À direita do método de seleção de chaves, selecione uma chave e especifique um cofre de chaves e um par de chaves ou selecione Inserir um identificador de chave.
Selecione Guardar.
Usar criptografia de dados para restauração
Para usar a criptografia de dados como parte de uma operação de restauração, execute as etapas a seguir.
No portal do Azure, na página Visão geral do servidor, selecione Restaurar.
Na guia Segurança, especifique a identidade e a chave.
Selecione Alterar identidade e selecione a identidade gerenciada atribuída ao usuário e selecione AdicionarPara selecionar a chave , você pode selecionar um cofre de chaves e um par de chaves ou inserir um identificador de chave
Usar criptografia de dados para servidores de réplica
Depois que sua instância do Banco de Dados do Azure para Servidor Flexível MySQL é criptografada com a chave gerenciada de um cliente armazenada no Cofre da Chave, qualquer cópia recém-criada do servidor também é criptografada.
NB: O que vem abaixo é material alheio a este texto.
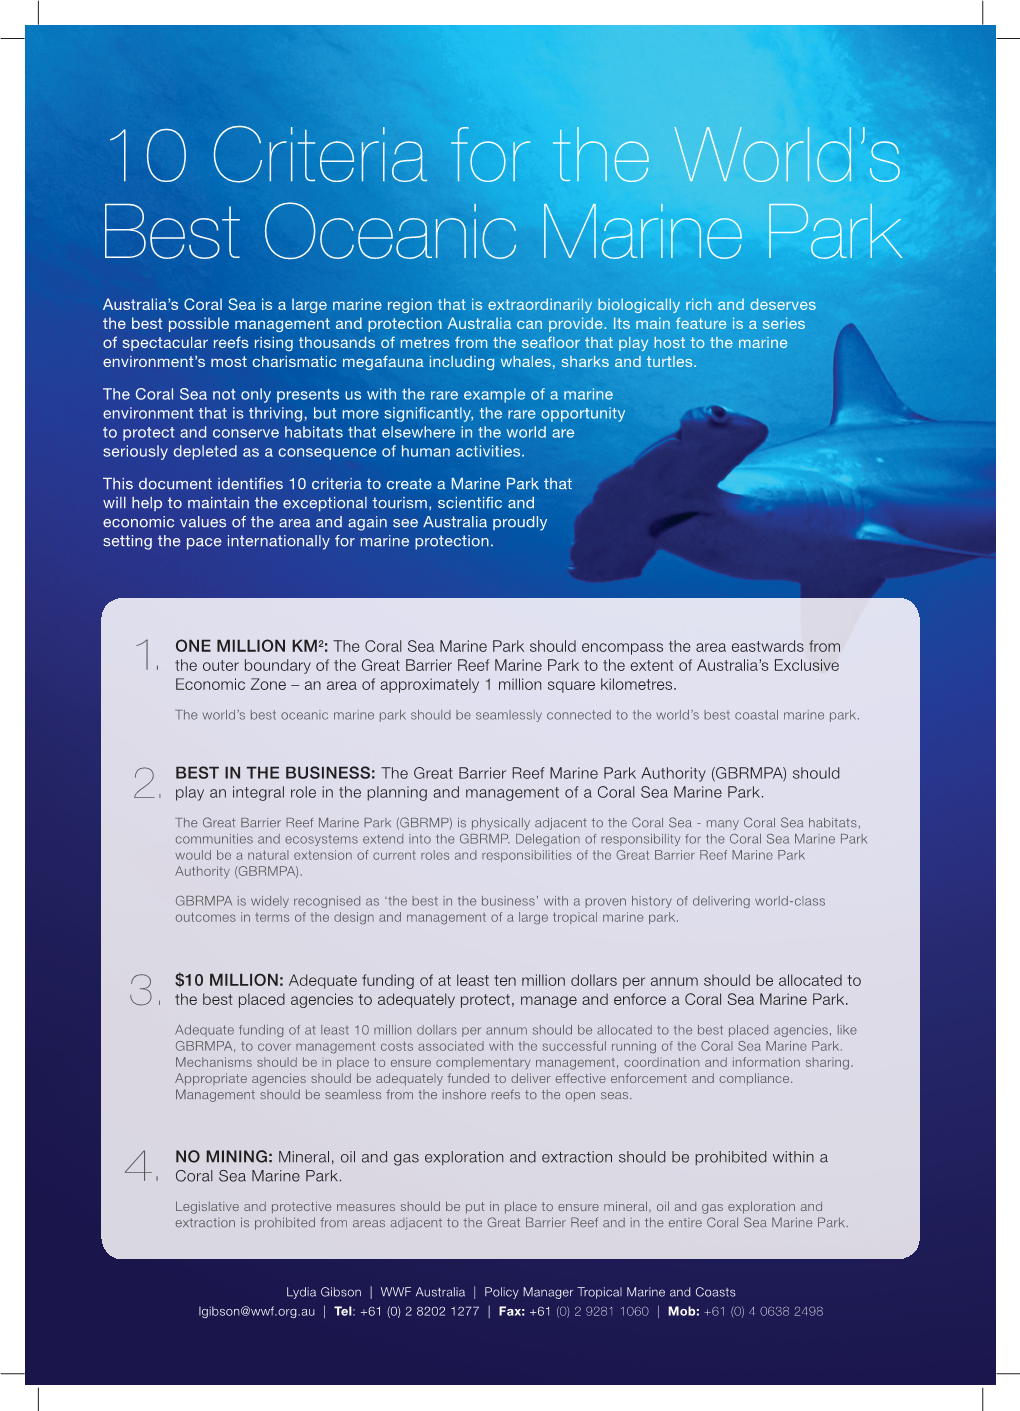 10 Criteria for the World's Best Oceanic Marine Park

Para a replicação de configuração, em Configurações , selecione Replicação e, em seguida, selecione Adicionar réplica.
Na caixa de diálogo Adicionar Servidor de Réplica ao Banco de Dados do Azure para MySQL, selecione a opção Computação + armazenamento apropriada e selecione OK.
Importante
Ao tentar criptografar o Banco de Dados do Azure para o Servidor Flexível MySQL com uma chave gerenciada pelo cliente que já tenha uma réplica(s), recomendamos configurar a(s) réplica(s) também, adicionando a identidade gerenciada e a chave.